Proper sleep of seven to eight hours is essential for pain control and neurotransmitter levels. Those neurotransmitters determine pain threshold. We can tell whether a patient will overreact to a needle puncture just by holding her or his hand. If it is cold and sweaty, it means that the alarm neurotransmitter, adrenaline, is high, which increases pain awareness. Adrenaline, a fight or flight neurotransmitter, increases the perception of any stimulus. When adrenaline is high, the pain threshold is low.

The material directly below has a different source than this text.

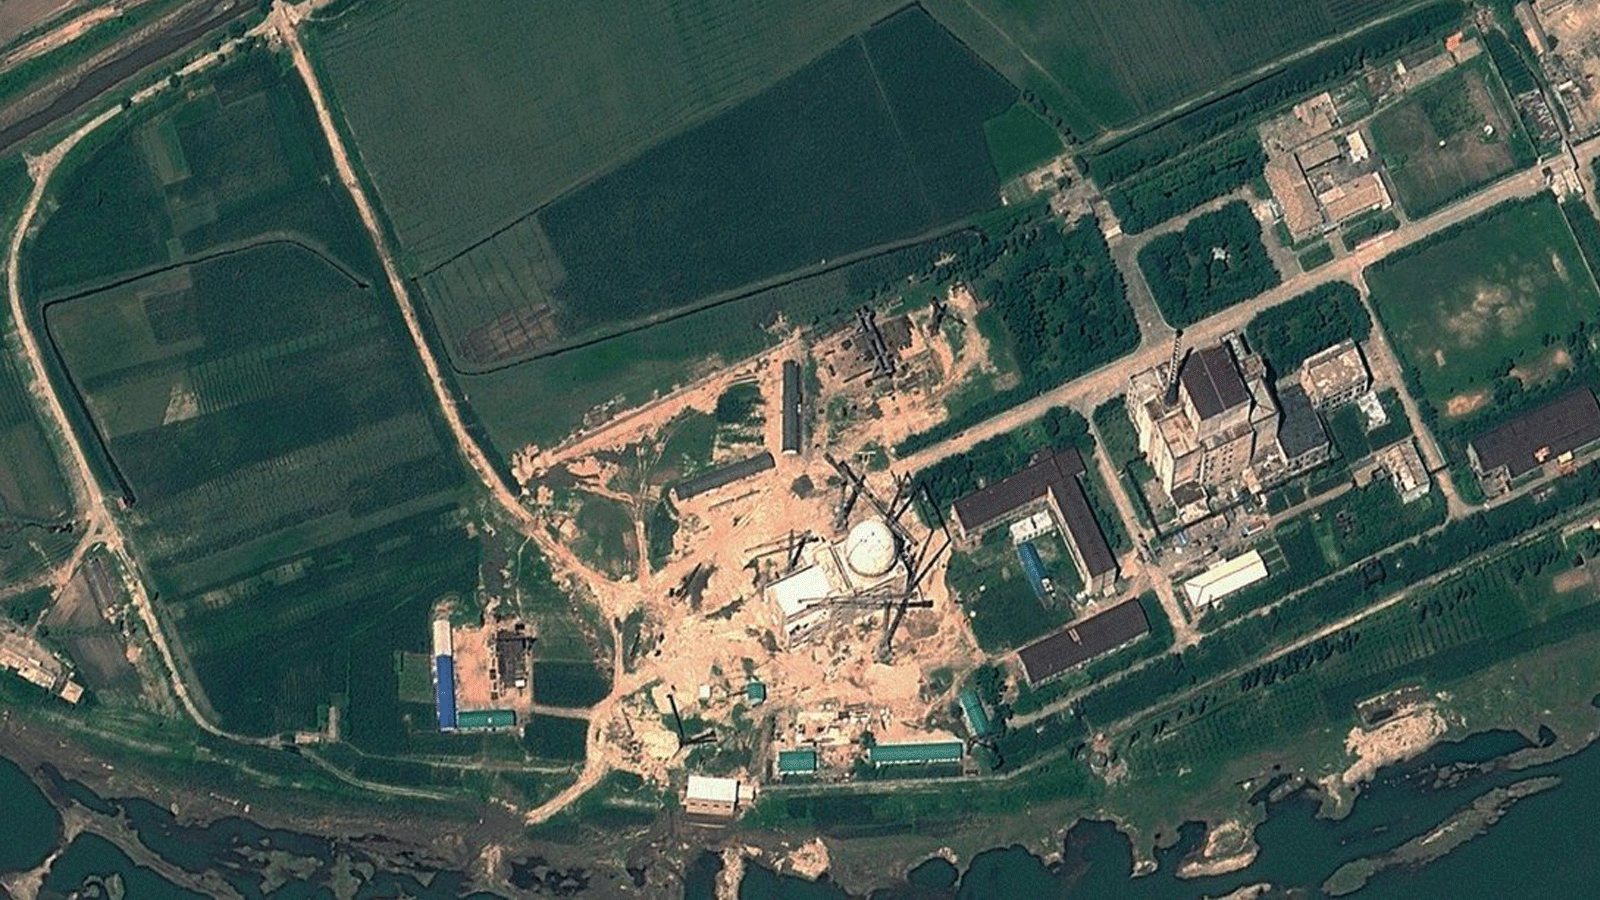 صورة القمر الصناعي التي قدمتها GeoEye في 22 آب/ أغسطس 2012 تُظهِر مركز بيونغ يانغ للأبحاث العلمية النووية في كوريا الشمالية
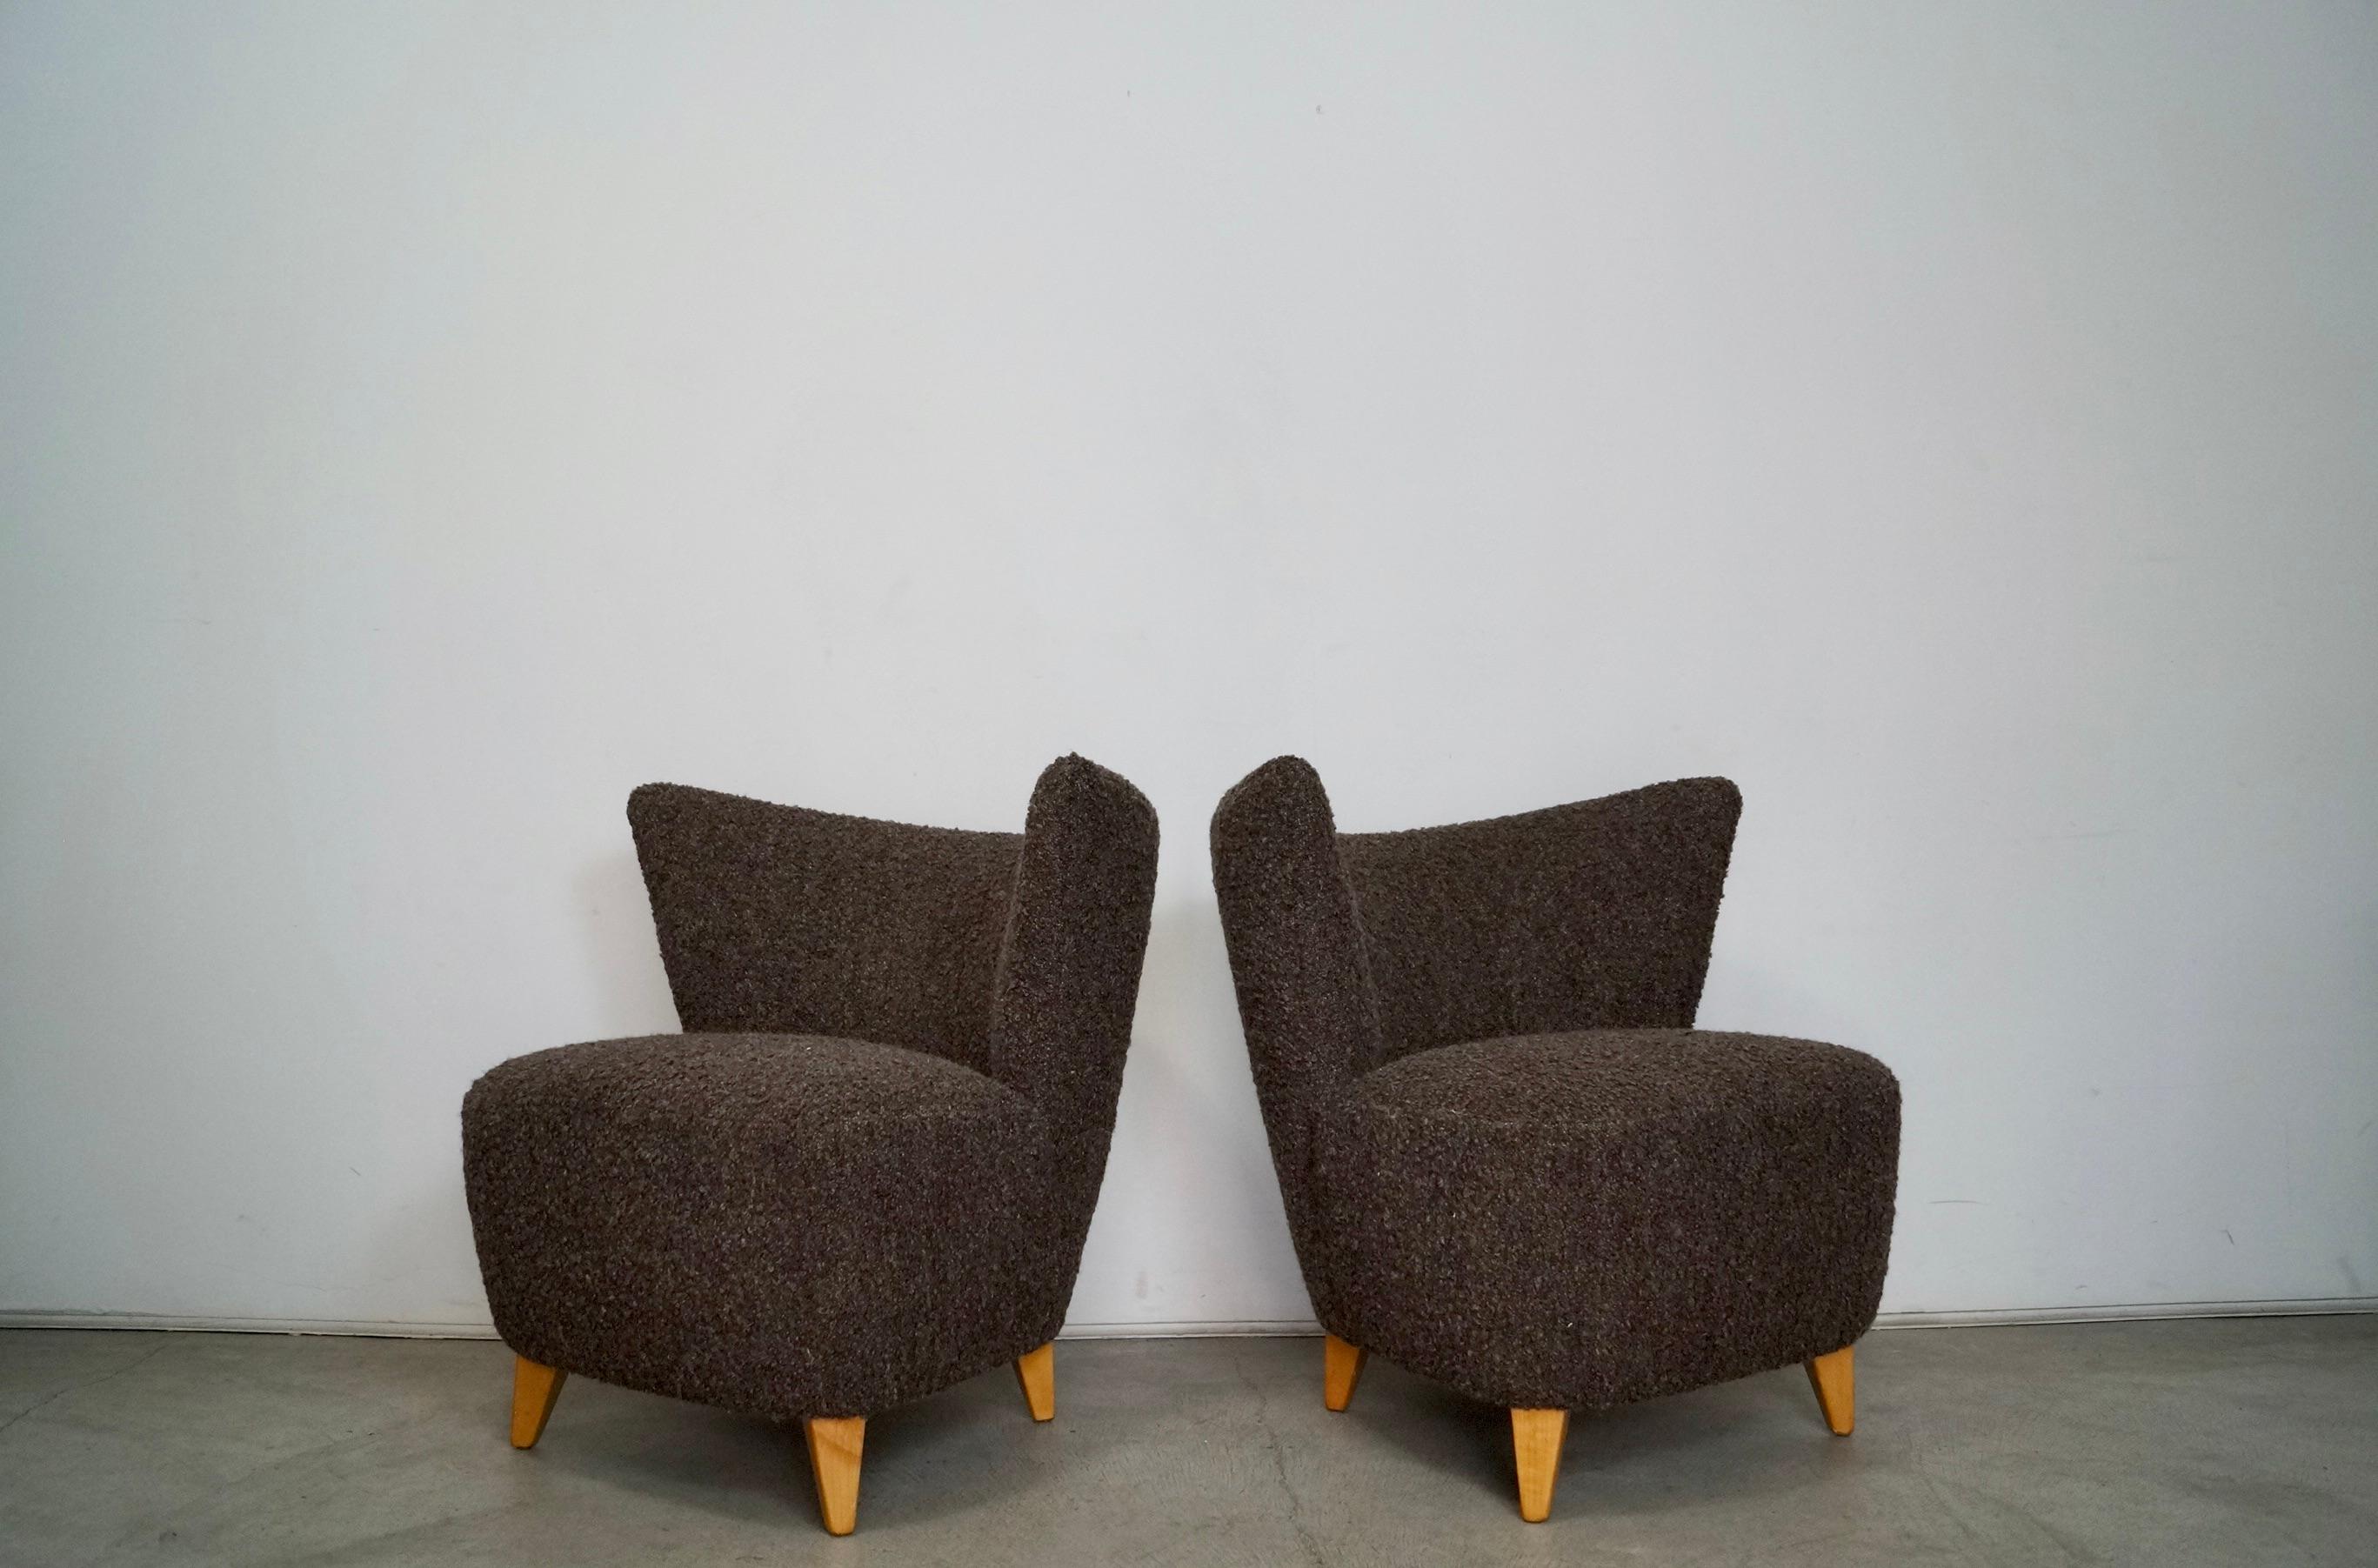 Paire de chaises de salon Art Deco Midcentury Modern originales à vendre. Ils ont été restaurés par des professionnels et sont aujourd'hui en état d'exposition. Les pieds sont en bouleau massif et ont été refinis dans une finition en bouleau

Those who have slept well and have high serotonin levels can tolerate a lot of pain. In fact, the brain is not receiving the pain message because serotonin and other neurotransmitters are blocking it. People with chronic pain often sleep poorly and consequently have low levels of serotonin. A low level of serotonin is associated with depression and low levels of adrenaline. This makes the pain threshold low and pain perception high. This condition is particularly true for those who have chronic pain that lasts six weeks or more.
The average person needs seven hours of sleep, not just seven hours in bed, but seven hours of sleep. Because pain is often worse at night, many pain sufferers begin to dread bedtime. This condition can be treated with cognitive therapy and a doctor who specializes in sleep disturbance.